Bostwana’s beloved magwenya, known as vetkoek in South Africa and fetcook in Zimbabwe, translates to “fat cake”—and while there are slight regional differences, all their cooking entails frying lightly sweetened batter in oil.
In Botswana, where the dough tends to be sweeter and moister, they’re enjoyed plain with a cup of tea, or with a simple smear of butter or jam.
You will most often see them sold as street food, in large buckets carried on the sellers’ heads. We have taken them one step further and soaked them in a delicious spiced syrup, and served them with ice cream, a match made in heaven!
2 cups (500 ml) flour
10 g dry yeast (half a sachet)
½ tsp (2.5 ml) salt
1 tsp (5 ml) sugar
¾ cup (180 ml) lukewarm water
oil for deep-frying
2¼ cups (560 ml) caster sugar
2 ½ cups (725 ml) water
10 cardamom pods
3 cinnamon quills
Magwenya, or amagwenya, are small round doughnuts. We have added a twist by soaking them in an aromatic syrup and serving them with our delicious Rwandan Honey Ice Cream.

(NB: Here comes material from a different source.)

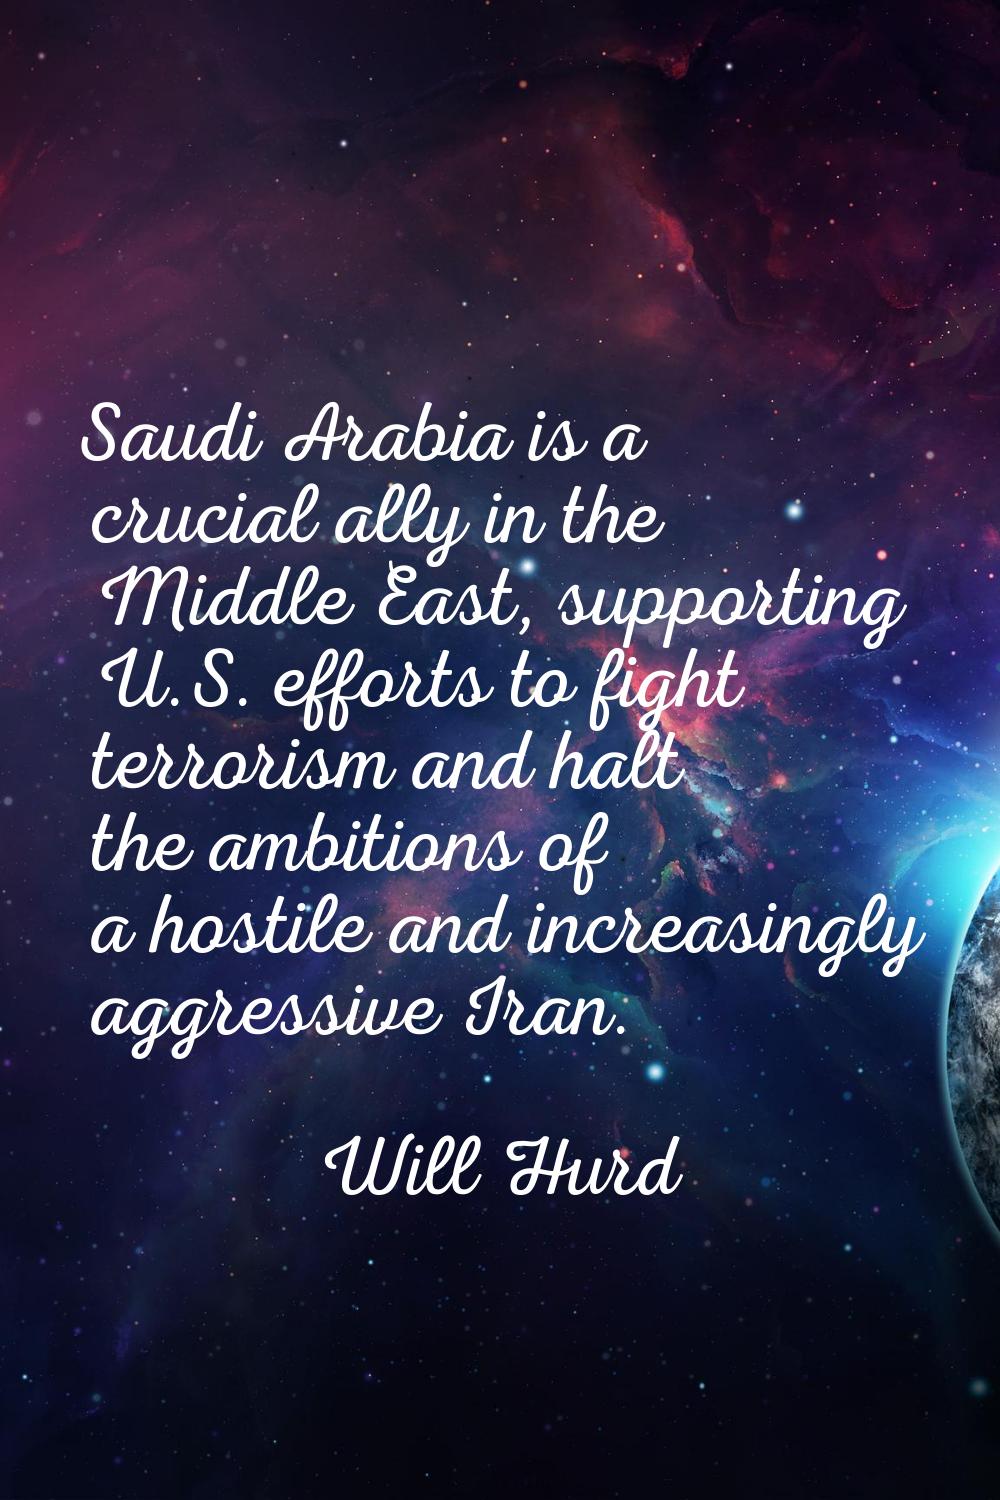 Saudi Arabia is a crucial ally in the Middle East, supporting U.S. efforts to fight terrorism and h

1. For the rose and cardamom syrup, stir sugar, cardamom, cinnamon and the water in a large saucepan over medium-high heat until the sugar dissolves, then bring to the boil and cook until a slightly sticky syrup forms (8-10 minutes; test between thumb and index finger – it should form a thread when stretched). Remove from heat, cool to room temperature.
2. Sift the flour, yeast, salt and sugar into a bowl. Add the water and stir until well combined.
3. Transfer to a lightly floured surface and knead for 5 minutes or until the dough is soft and pliable.
4. Cover and keep warm for 40 minutes or until doubled in size. Punch the air out and knead for a minute. Divide into 15 g balls.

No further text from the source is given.